# Raw bone/feeding Question



## meli_ssa4 (Aug 19, 2014)

So I don't feed my dogs raw or B.A.R.F but I bought my dog a Raw frozen knuckle bone for a treat. He loves bones, but I hate giving him the smoked/cooked ones because he gets big chucks off them along with slivers of bones which scare the crap out of me. 

Anyways the bone like I said came frozen, should I thaw it out before I give it to him? 

Another question, if I am going to give them the odd raw treat such as a bone or just raw meat in general is this OK for them or will it cause digestion issues considering they are on kibble? they do get cook pieces of meat along with fresh veggies/fruit without issue. 

reason I am asking is my husband is thinking of getting them some beef to eat and am wondering if we should cook it and just give it to them as is? What about fish we catch out of the stream is there any fish they should not have?

Is it ok to just give them raw chicken? like say I am making a chicken dish and am cutting up a whole chicken can I give them the leftover bone with meat still attached raw?

Sorry for all the questions. I find reading about the raw diet confusing. 

Thanks for any/all information


----------



## Shade (Feb 20, 2012)

Most dogs can handle raw treats on a regular basis while on a kibble diet

For knuckle and marrow bones I always give frozen, makes them last longer and encourages them to work. Too much marrow can cause diarrhea so it doesn't hurt to limit them to a 20-30 minute session

Even when I was feeding kibble when trimming any meat I'd toss them a scrap or two, they loved it.
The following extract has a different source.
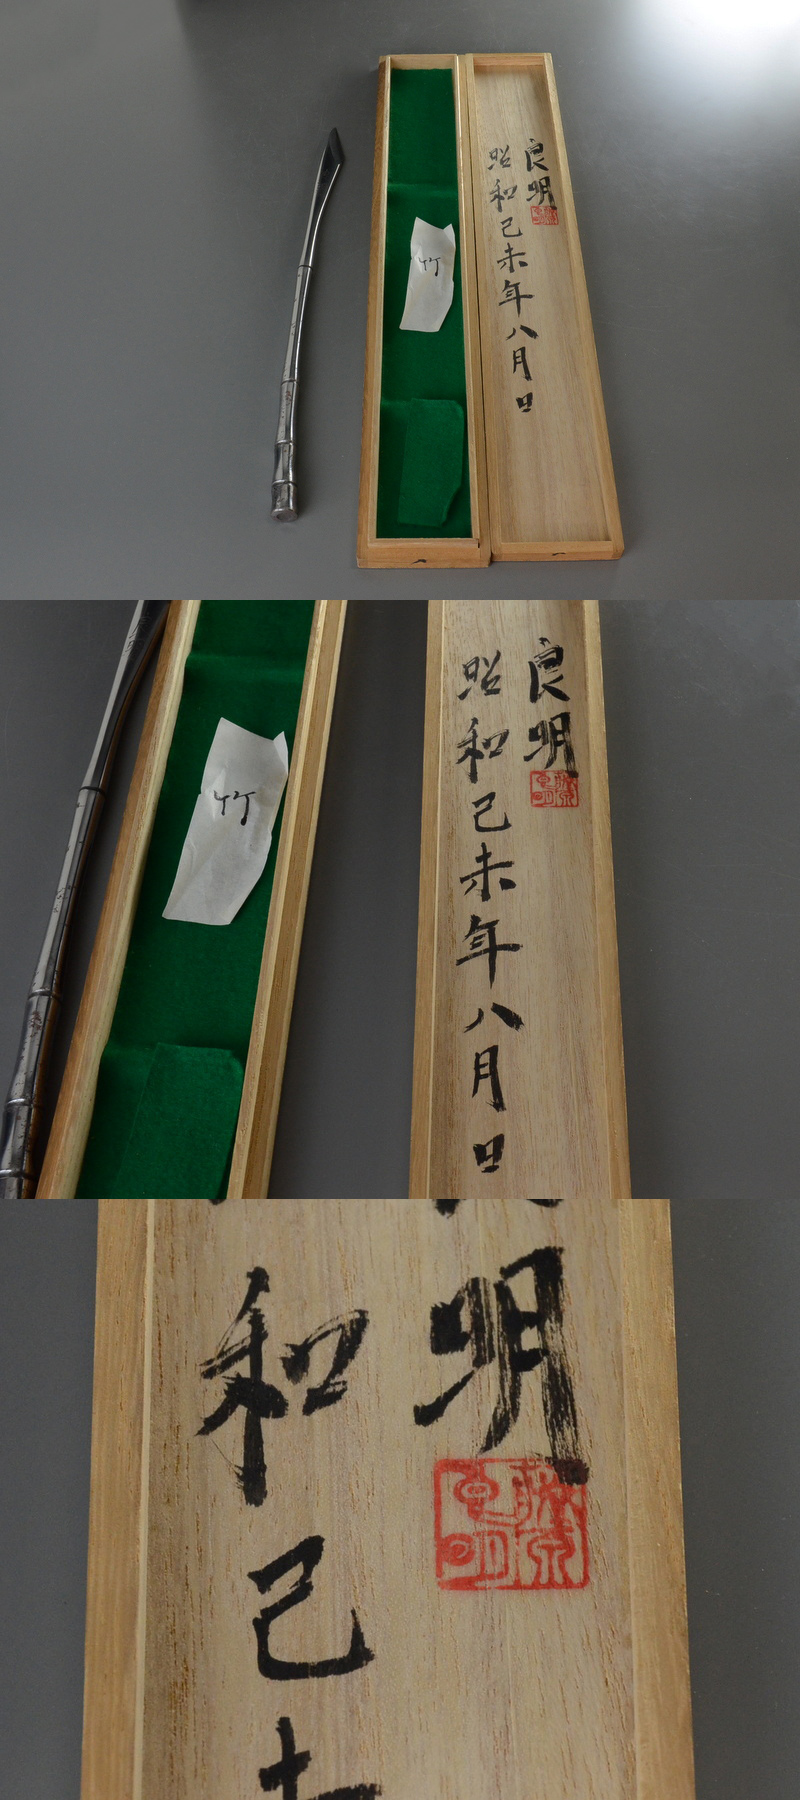 日本新品藤原良明作 「竹」 切出し/小刀 箱付 大工道具■送料無料■05n502 大工道具一般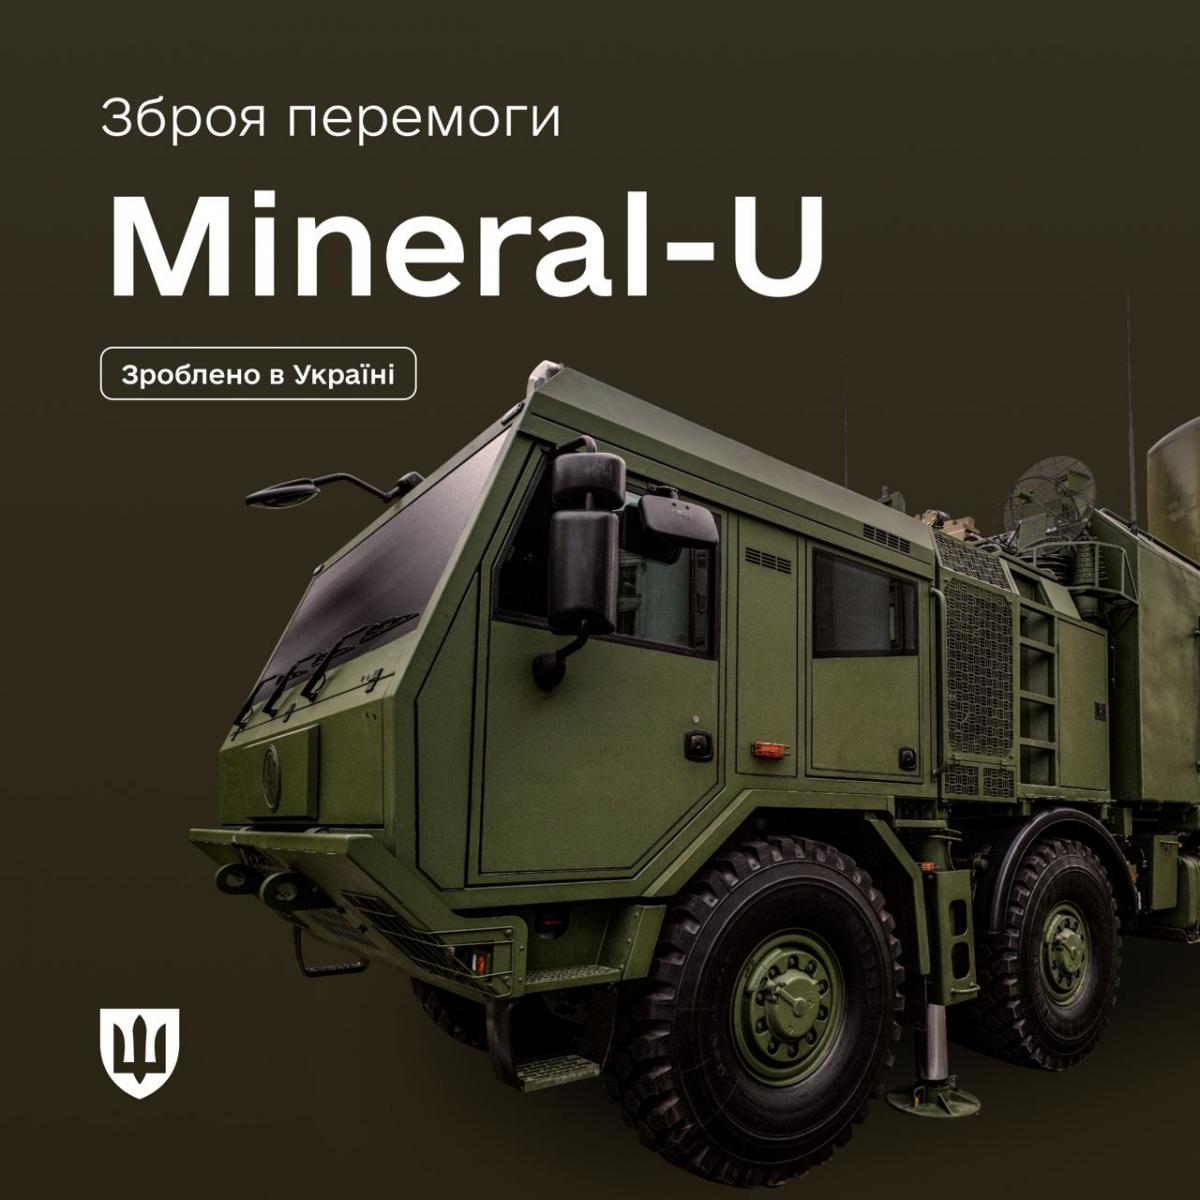 "Минерал-У" - это украинский мобильный многофункциональный радиолокационный комплекс / фото Минобороны Украины

As long as the bones are raw and not cooked any chicken bone is ok

Fish if fed whole you should freeze for at least two weeks to kill any parasites, personally a fish caught out of a pond if it's public or unknown I wouldn't bother feeding.


----------



## meli_ssa4 (Aug 19, 2014)

Thanks for the information.

Darwin has eaten some red squirrels that he caught, crunched them up and down they went fur and all. He didn't have any issues. Rylee just looked at him like he was crazy. She can be very fussy so I guess I will just have to give her stuff and see if she will even eat it. 

the fish would be caught in the river that goes by our house. Not 100% sure what types are in there yet, since we just bought the land that accesses the river last fall. I know there are trout and some silverish type fish that appears to be quite bony.

So fresh rabbit would be ok too then. We have all kinds on our property that we hunt instead of tossing what we don't use (very minimal) do you think it would be ok to start supplementing their diet with raw?


----------



## Castlemaid (Jun 29, 2006)

Gryffon is raw fed - he has eaten the odd wild rabbit with no issues. Also caught a Grouse once and ate it. I think if your dog is not used to raw, to start small and give the dogs time to adjust to raw. Usually when people switch raw cold turkey the dog will have some runny poops for a few days. 

I would start with just adding raw to their meals, or doing one raw, or one kibble meal for them to get used to it, before giving them entire raw rabbits. Not sure about stream-caught fish - most people freeze raw fish first to kill parasites. You may need to research to see if the local fish have any potential parasites that could cause issues if fed fresh.


----------